Te la affido. La prendi dalle mie mani e ne diventi responsabile.
Quando l'hai incontrata l'hai trovata amabile e bella. Sono le mie mani
che hanno plasmato la sua bellezza, è il mio cuore che ha messo in lei tenerezza ed amore, è la mia sapienza che ha formato la sua sensibilità, la sua
intelligenza e tutte le qualità che hai trovato in lei.
Ma non puoi limitarti a godere del suo fascino. Devi impegnarti a rispondere ai suoi bisogni, ai suoi desideri. Ha bisogno di serenità e di gioia,
di affetto e di tenerezza, di piacere e di divertimento, di accoglienza e di
dialogo, di rapporti umani, di soddisfazione nel lavoro, e di tante altre cose.

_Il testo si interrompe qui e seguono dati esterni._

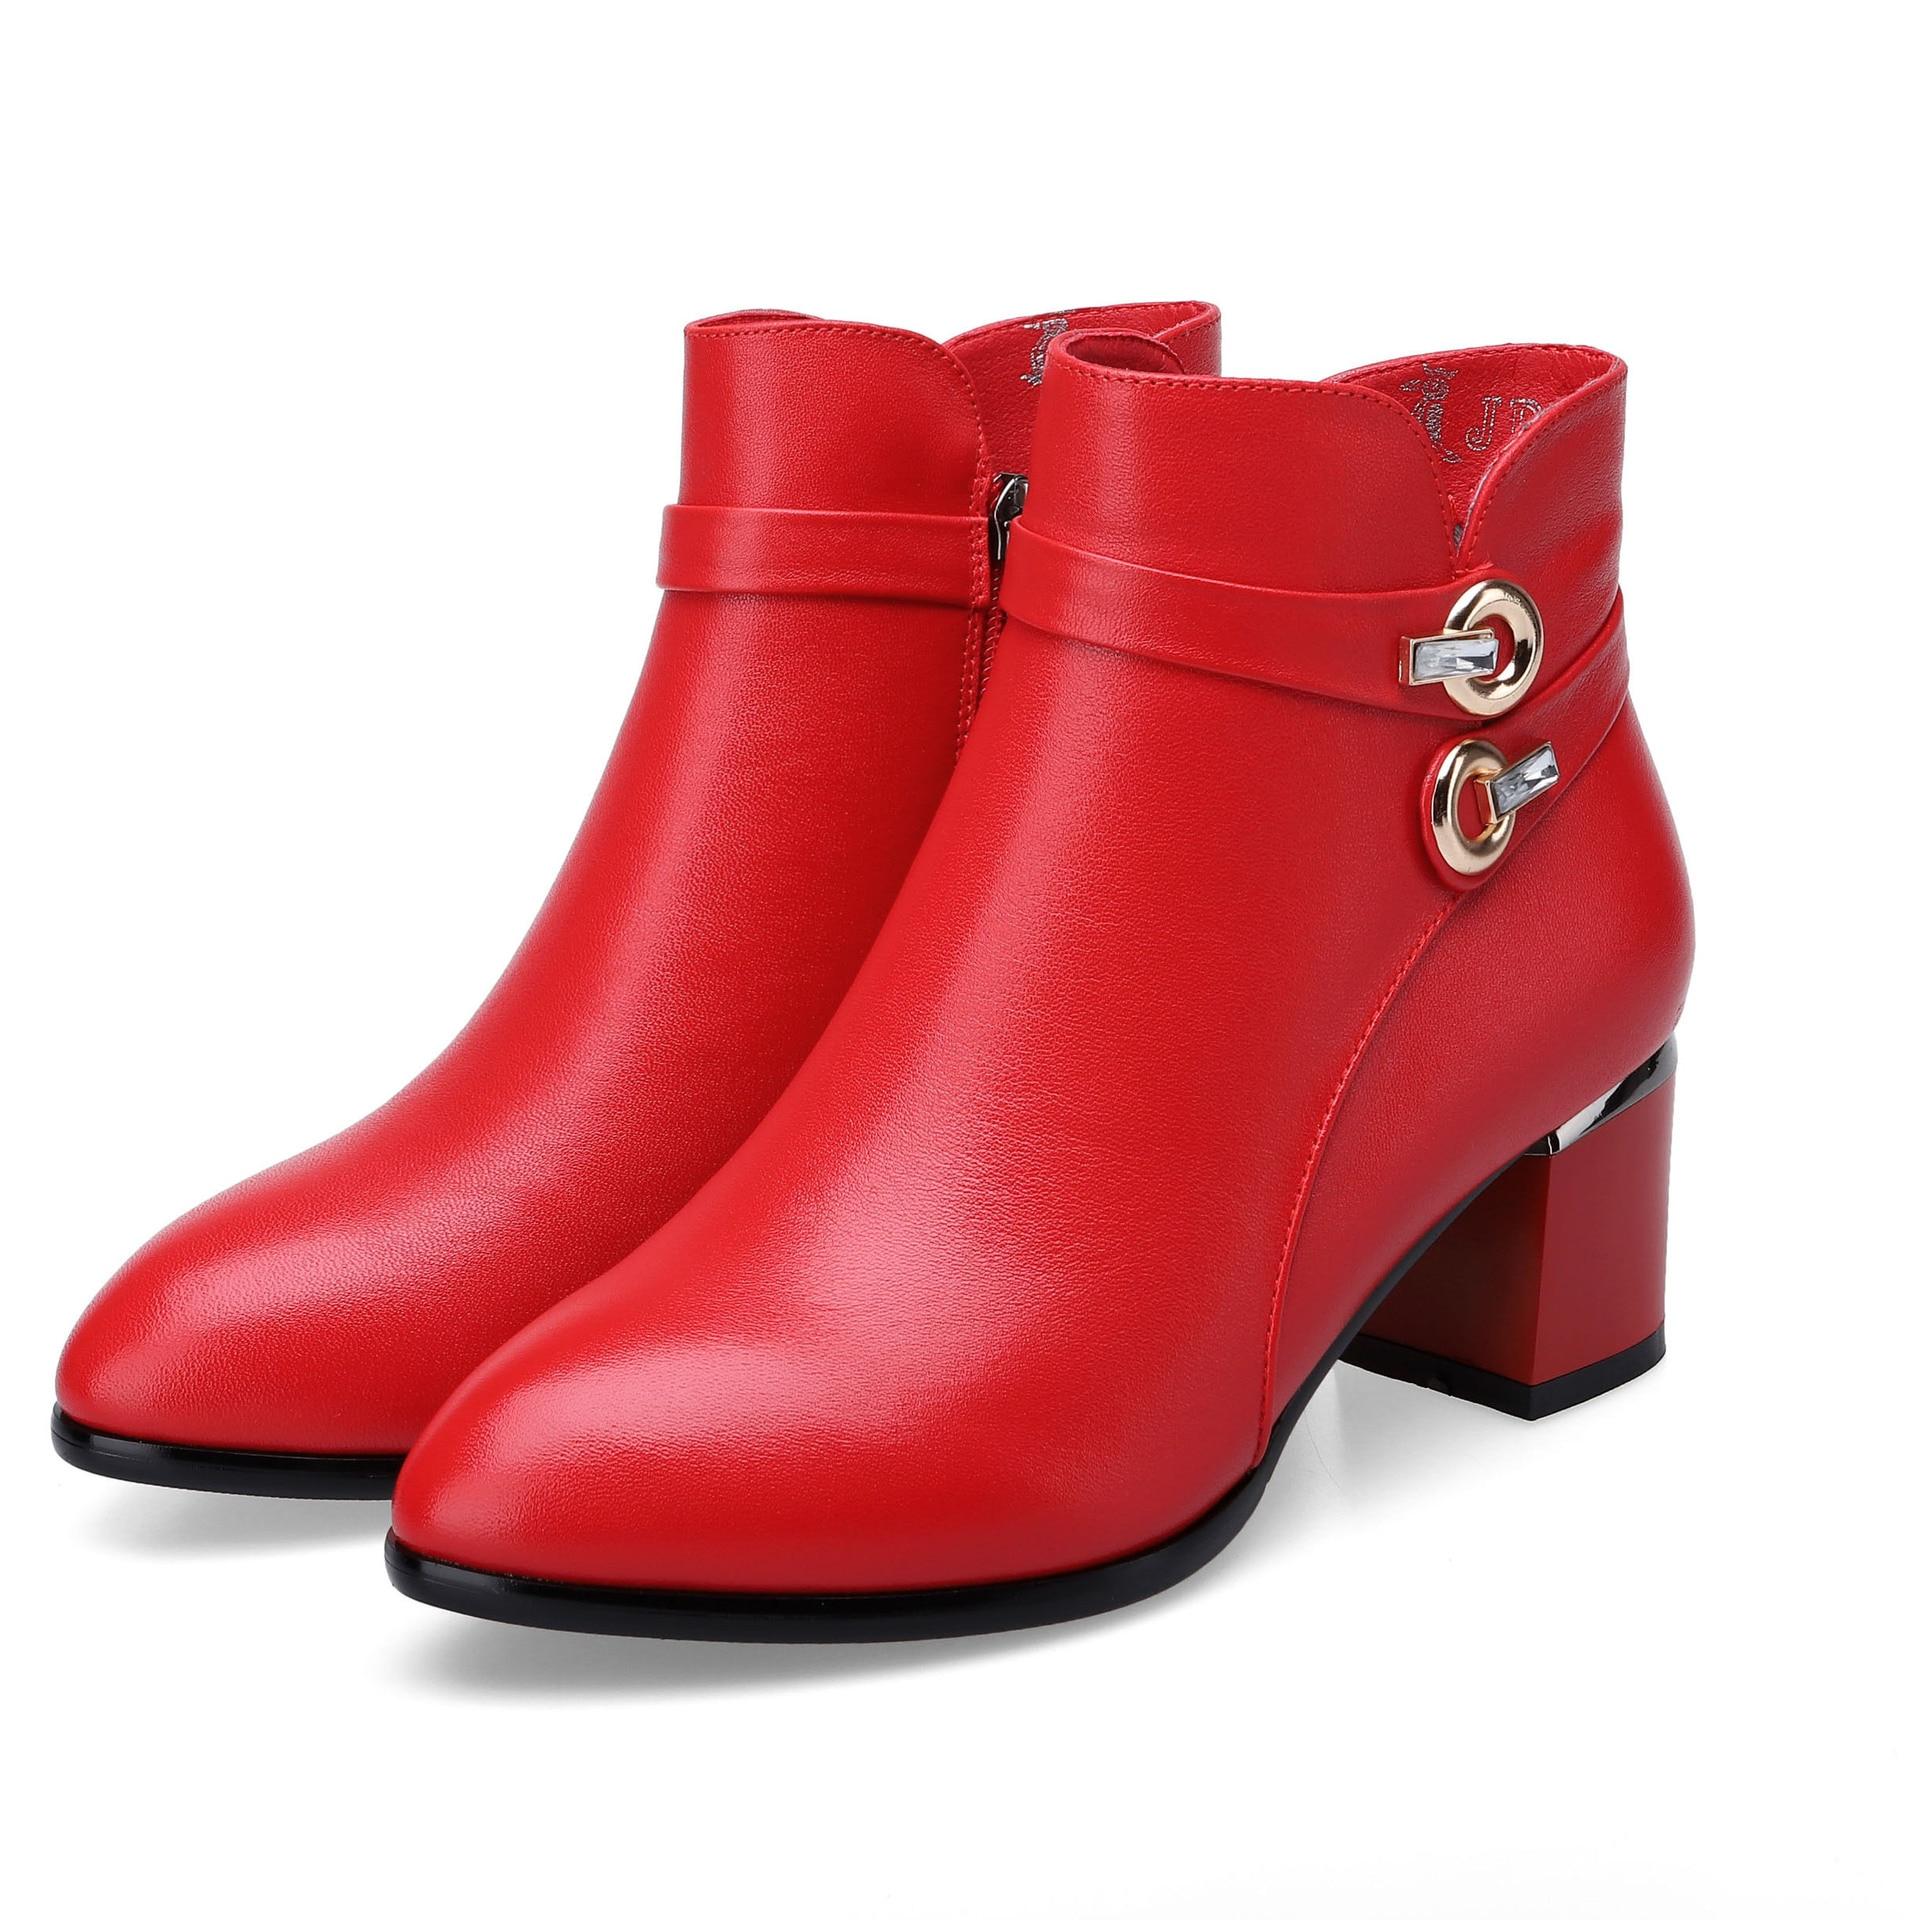 9ab1715b7e4d01 Martin Cuir De Bottines Velours Plus Automne Femmes 2018 red Tête Avec  Black Épais Ronde En Femme Et Bottes Hiver Le Bas n17xUqg
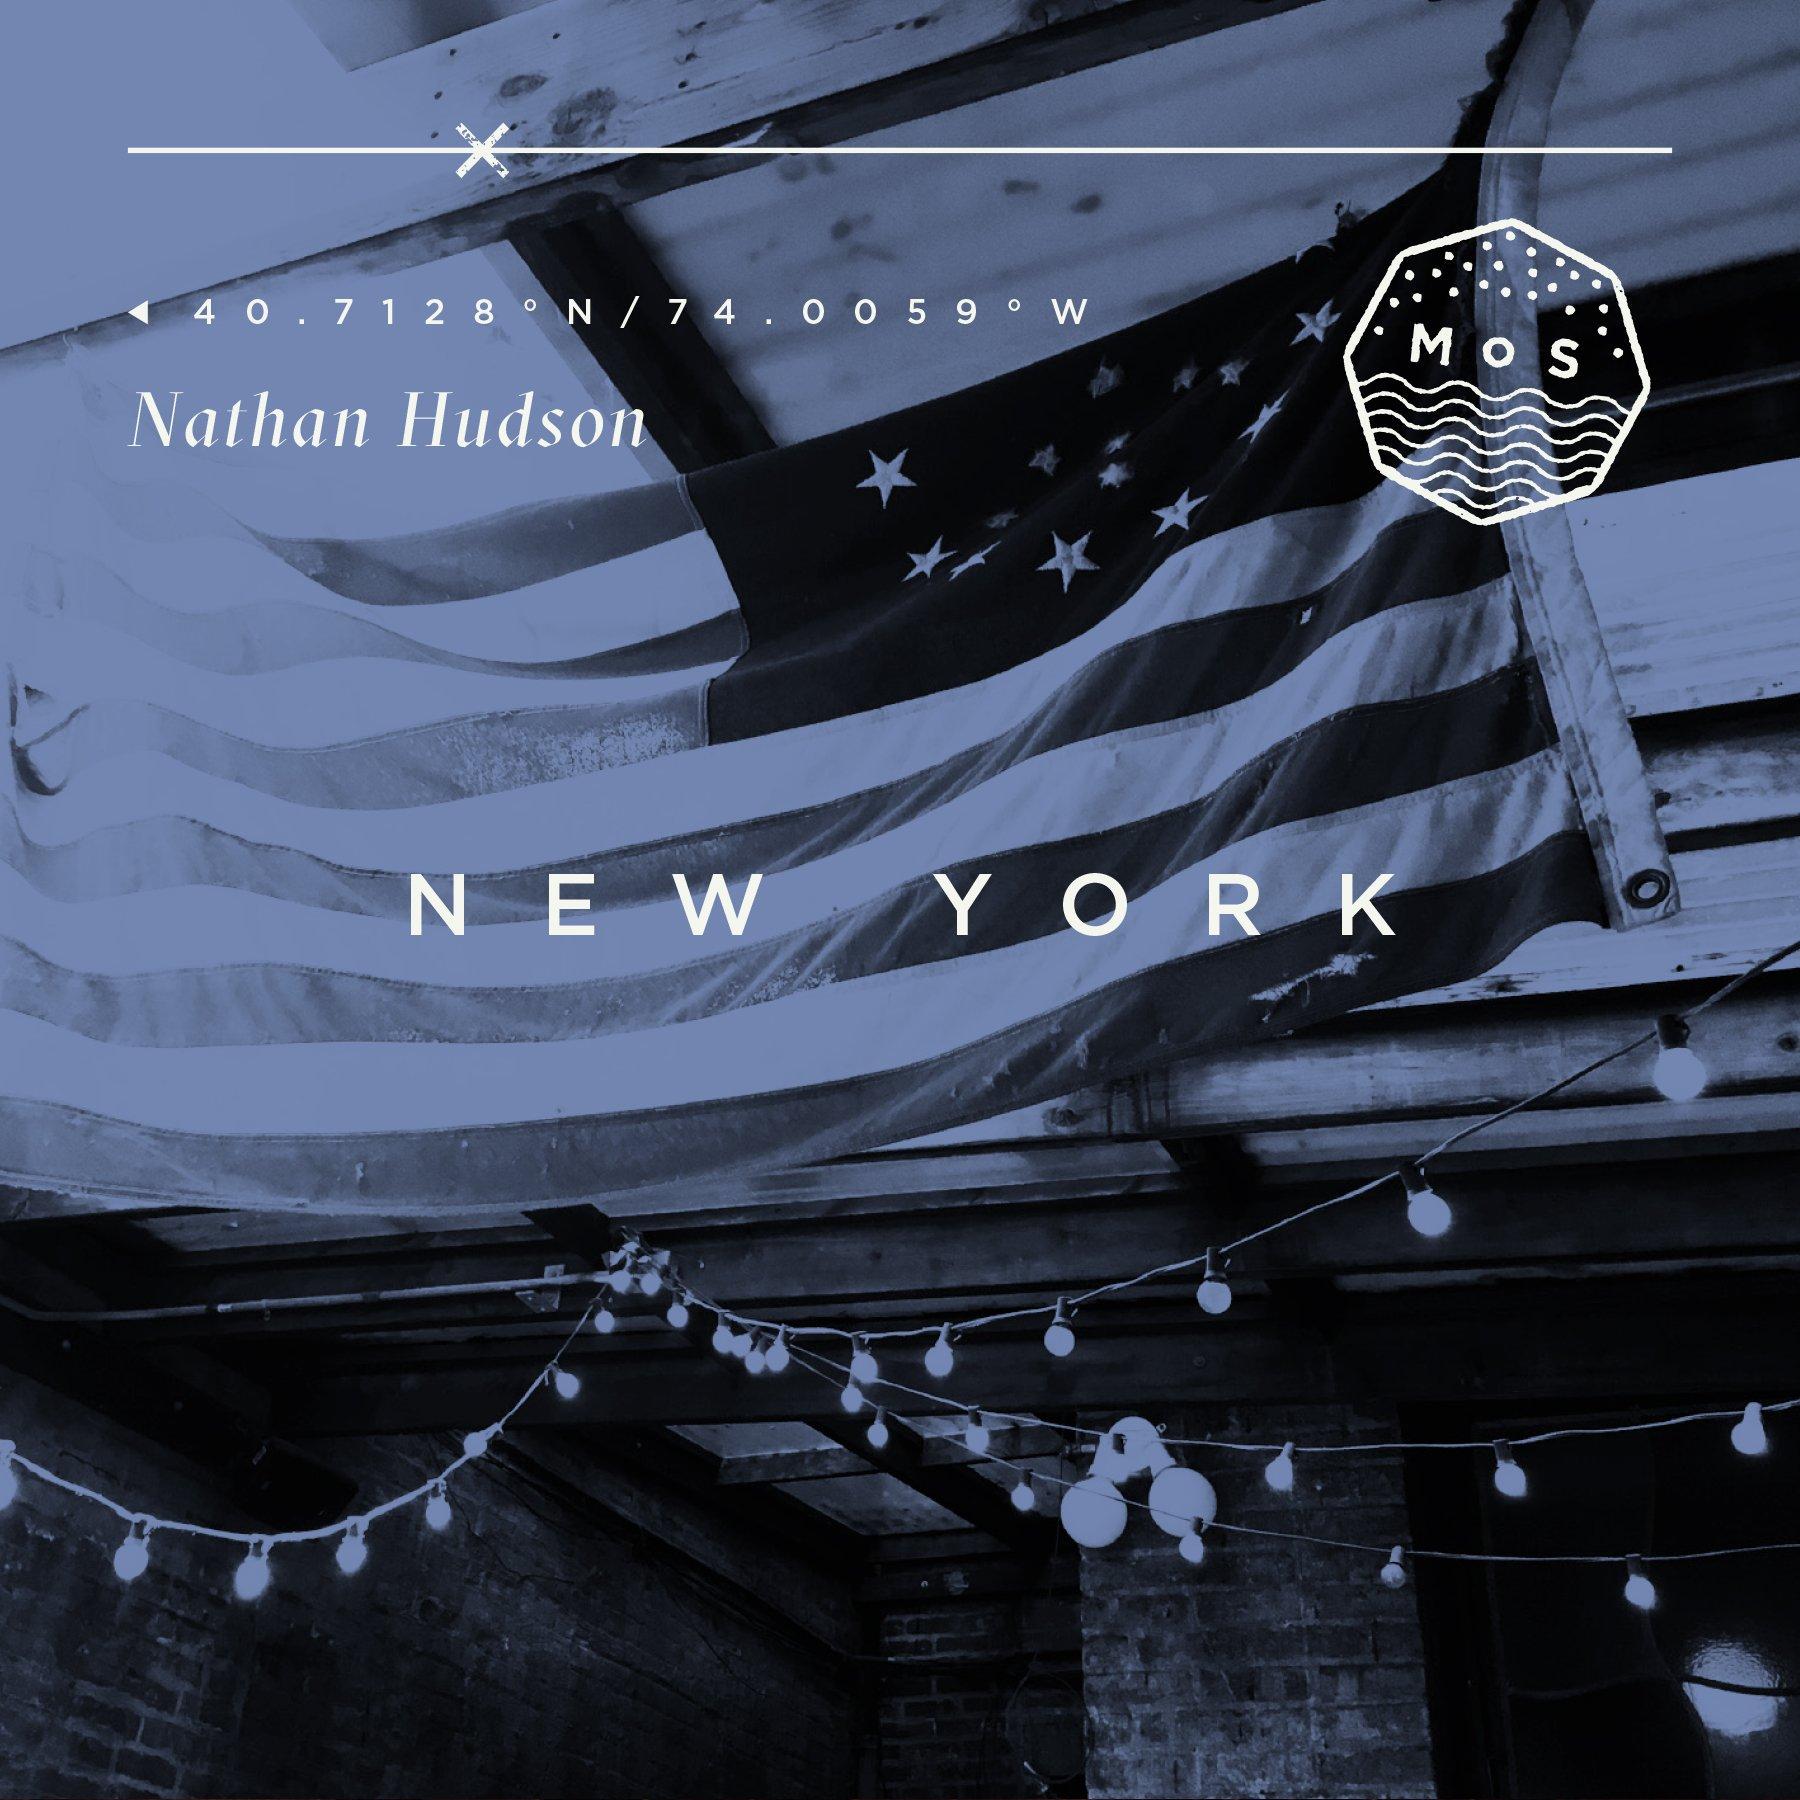 Nathan Hudson MOS NY.jpg

Ma ricorda che ha bisogno soprattutto di Me. Sono Io, e non tu, il principio, il fine, il destino di tutta la sua vita. Aiutala ad incontrarmi nella preghiera, nella Parola, nel perdono, nella speranza.
Abbi fiducia in Me. La ameremo insieme. Io la amo da sempre. Tu hai
cominciato ad amarla da qualche anno, da quando vi siete innamorati. Sono
Io che ho messo nel tuo cuore l'amore per lei. Era il modo più bello per dirti "Ecco te l'affido.
Gioisci della sua bellezza e delle sue qualità". Con le parole "Prometto
di esserti fedele, di amarti e rispettarti per tutta la vita", è come se mi rispondessi che sei felice di accoglierla nella tua vita e di prenderti cura di
lei.
Da quel momento siamo in due ad amarla. Anzi Io ti rendo capace di
amarla "da Dio", regalandoti un supplemento di amore che trasforma il tuo
amore di creatura e lo rende simile al mio.
E' il mio dono di nozze: la grazia del sacramento del matrimonio. Io sarò sempre con voi e farò di voi gli strumenti del mio amore e della mia tenerezza: continuerò ad amarvi attraverso i vostri gesti d'amore.